松ケンの演技が素晴らしい理由

クリニックでの場面は、非常によく調べて作られていると思いました。伊藤かずえさんが演じる女医が提示する資料も、「タイミング法から人工授精、体外受精」という示し方は定番で、どこのクリニックにも共通するものです。

検査室もリアルで、深田さんが横たわっていた「経膣超音波検査」は必ず受けます。松山さんが、成人向けの雑誌やDVDが置かれた採精室(精子を採る部屋)に戸惑う姿もありましたが、あの部屋も再現度が非常に高い。というよりも、実際のクリニックで撮影しているのだと思います。

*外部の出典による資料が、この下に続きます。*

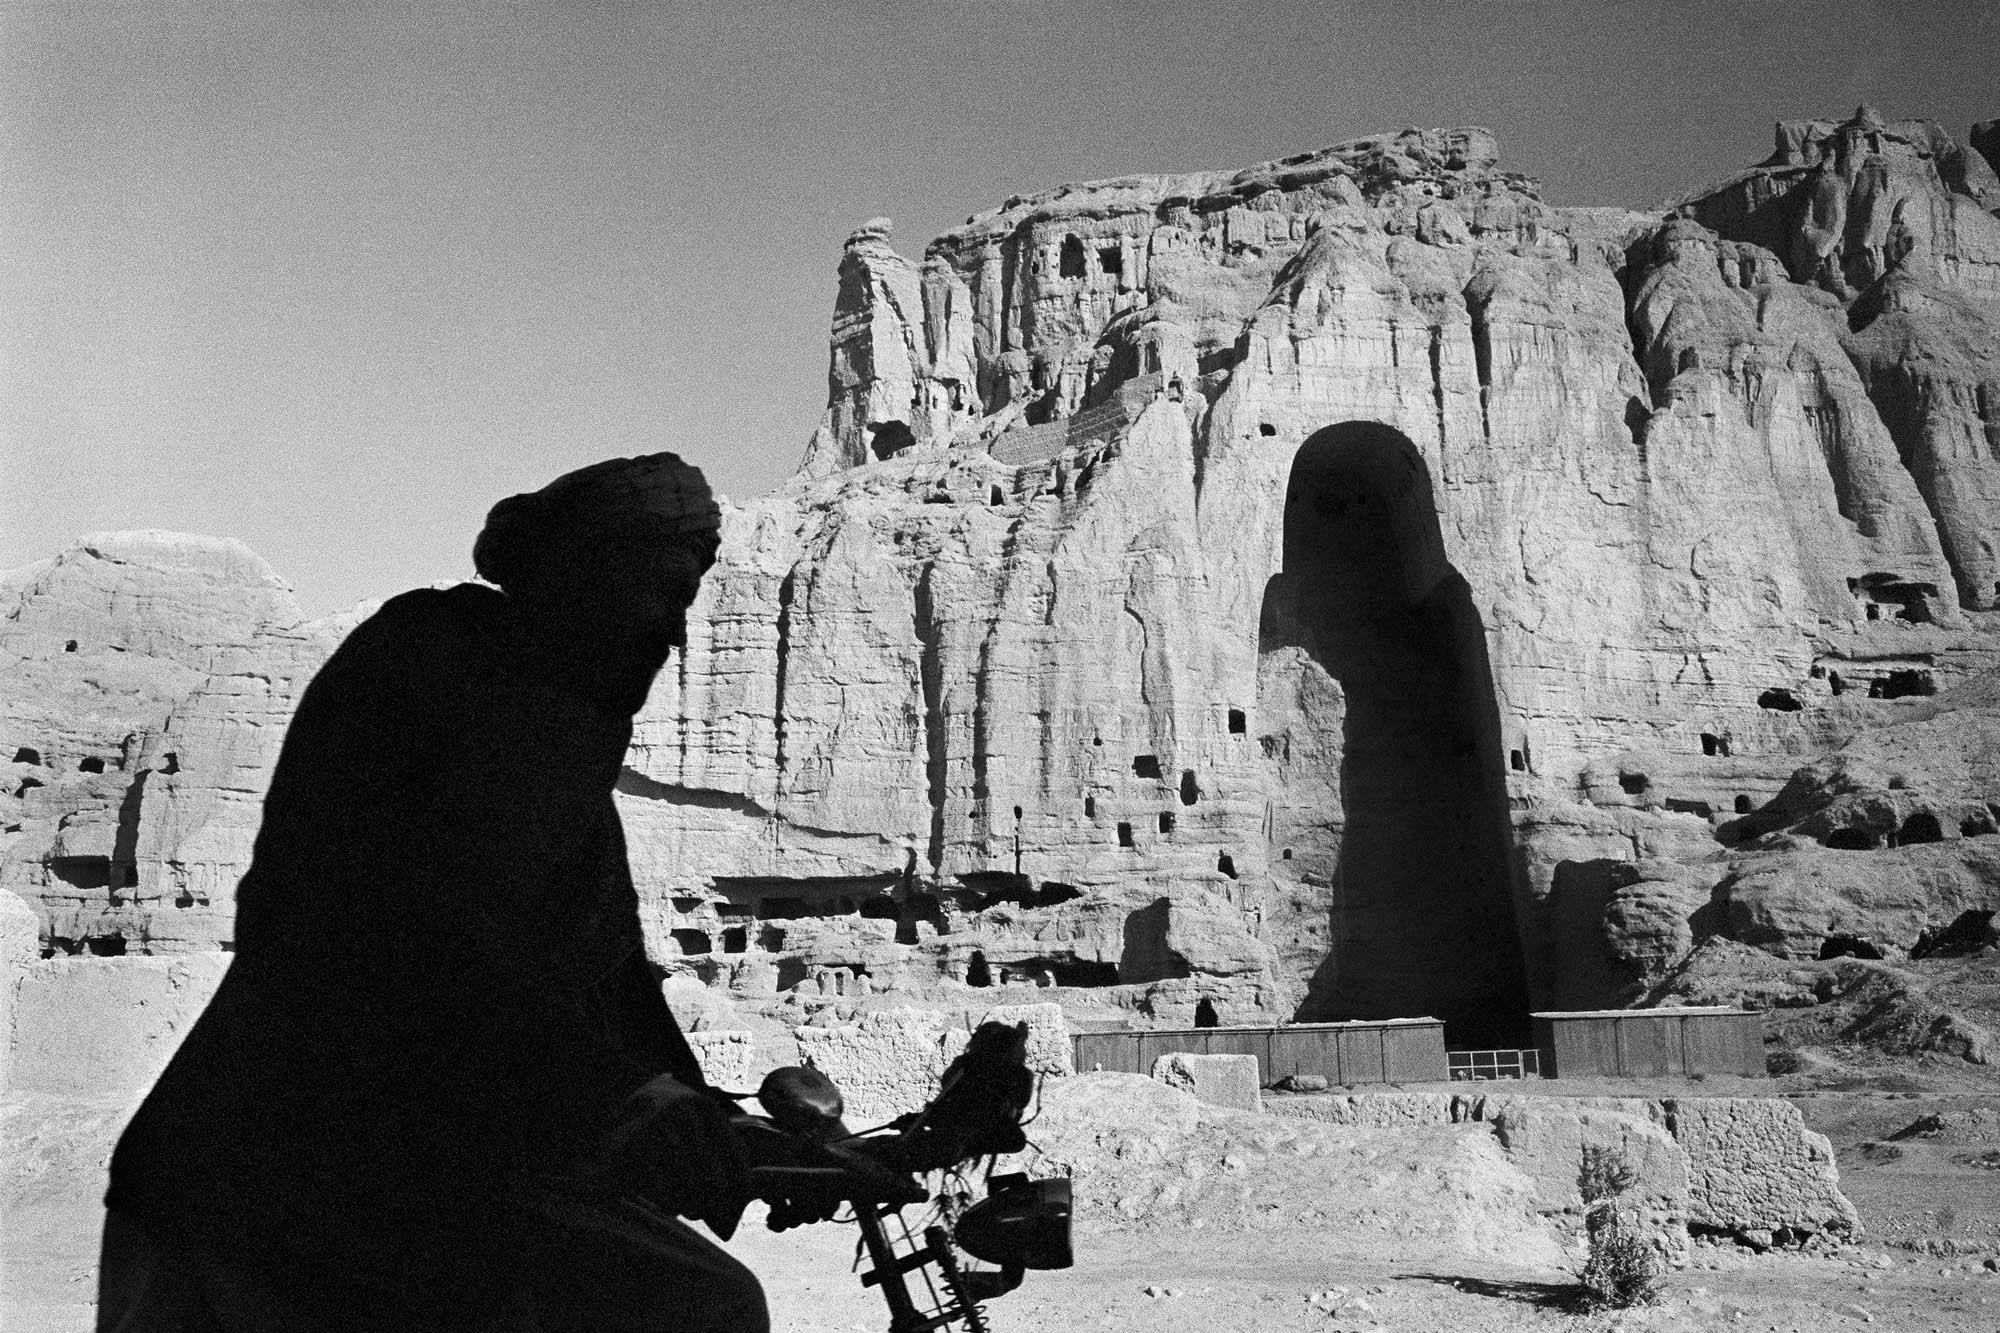 Generation AK: The Afghanistan Wars, 1993-2012

困惑の色を隠せない松山さんに対して、看護師役の方が淡々と受け答えしていましたが、レディースクリニックで働いていると、性に関する言葉を発することに恥じらいや照れはなくなります。「精子量が~」「セックスの回数が~」など町中でも普通に発してしまうなど、一般の人が思う「性的なもの」の捉え方から乖離してしまうので、反省するところでもあります。

一番リアルだと思ったのは、松山さんの演技です。精液検査の結果が正常だとわかった途端、松山さん演じる夫が「よし、やった」と反応します。これは男性のリアクションとして典型的なのです。精子が「正常」だとわかったらもう大喜びで、すべてから開放されたと思っています。その後は上の空で何も聞いていないんですね。妻のほうが「よかったね……」と冷たく反応するということがとてもよくあるんです。松山さんのお芝居はすごく自然で、上手いなと感心しました。いい役者さんだと改めて思いました。

一方で、ややリアリティにかけるなとと思ったのは女医の対応です。少し冷たい感じに、「検査しますか?」と念押しするような言葉を使っていました。実際のクリニックではもう少しポジティブに進めていきます。「では、検査しましょう!」と元気づけることが多いですね。ただ、このあたりは「五十嵐夫妻がショックを受ける」というドラマの演出だと考えれば理解できます。

深キョンの「女性の悩み」の演技に期待

五十嵐夫妻が、排卵日にあわせてセックスをする「タイミング法」をスタートし、松山さんが演じる大器が不妊への決意を固めるところで、第1回は終わりました。ドラマでも説明された通り、続いてフーナーテスト(子宮内での精子の状態を見るテスト)を行い、これから不妊治療が進んでいくのでしょう。